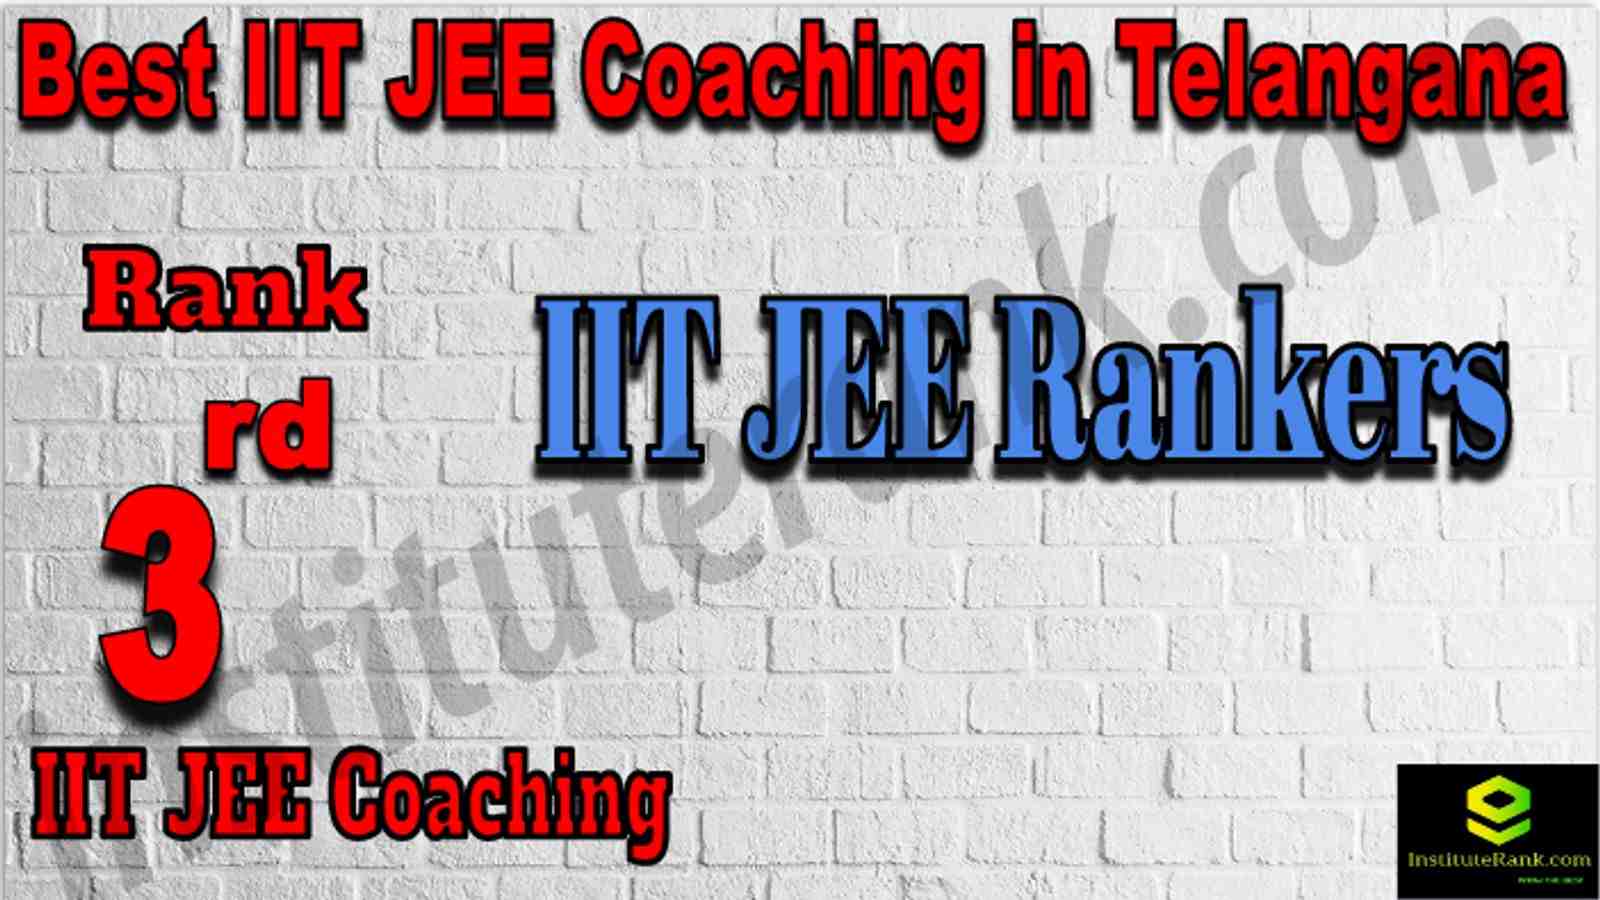 Rank 3rd Best IIT JEE Coaching in Telangana
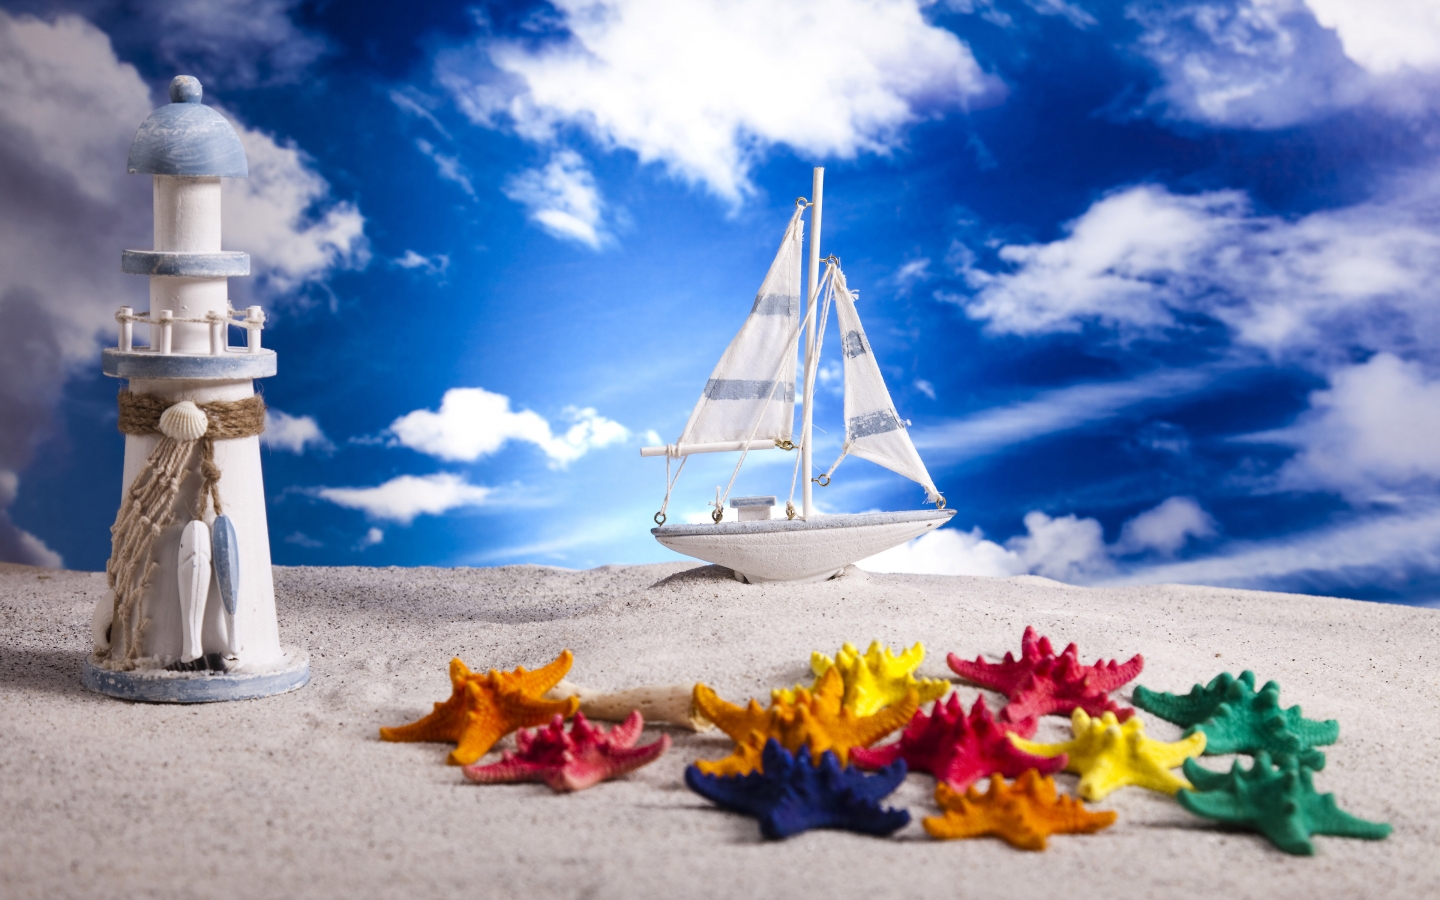 Summer Beach Miniature for 1440 x 900 widescreen resolution
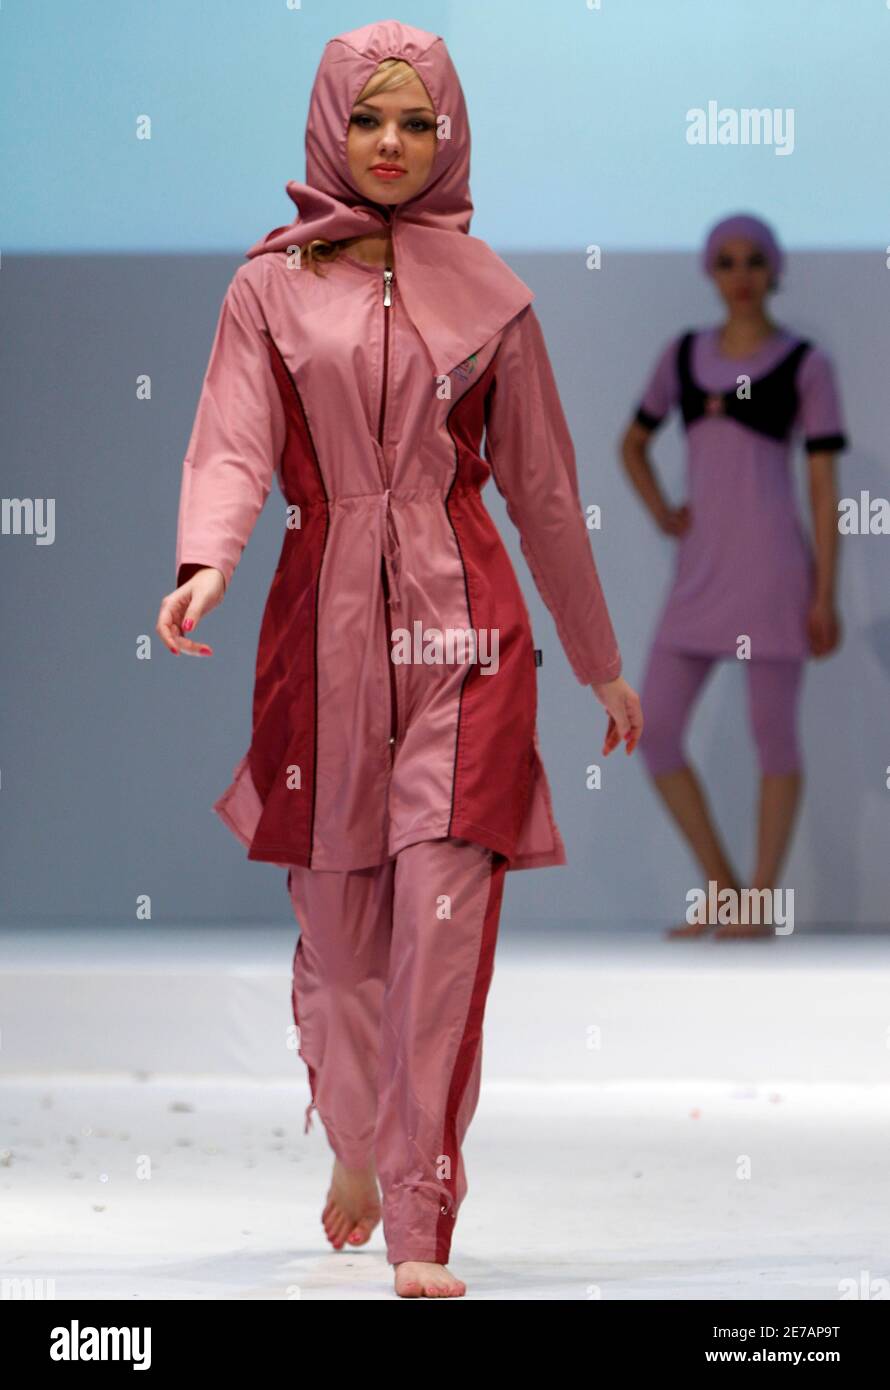 Ein türkisches Modell, bedeckt von Kopf bis Fuß, präsentiert einen Badeanzug  für Muslime während der Islamischen Modemesse in Istanbul am 11. April  2010. REUTERS/Murad Sezer (TÜRKEI - Schlagwörter: MODE Stockfotografie -  Alamy

◆ Goal of the exercise: Pictures stay out; reproduce exactly the lines from the one containing "Summer Beach Miniature" through the last line of the listing, both included.

◆ Answer area:
 Summer Beach Miniature for 1440 x 900 widescreen resolution
 Ein türkisches Modell, bedeckt von Kopf bis Fuß, präsentiert einen Badeanzug  für Muslime während der Islamischen Modemesse in Istanbul am 11. April  2010. REUTERS/Murad Sezer (TÜRKEI - Schlagwörter: MODE Stockfotografie -  Alamy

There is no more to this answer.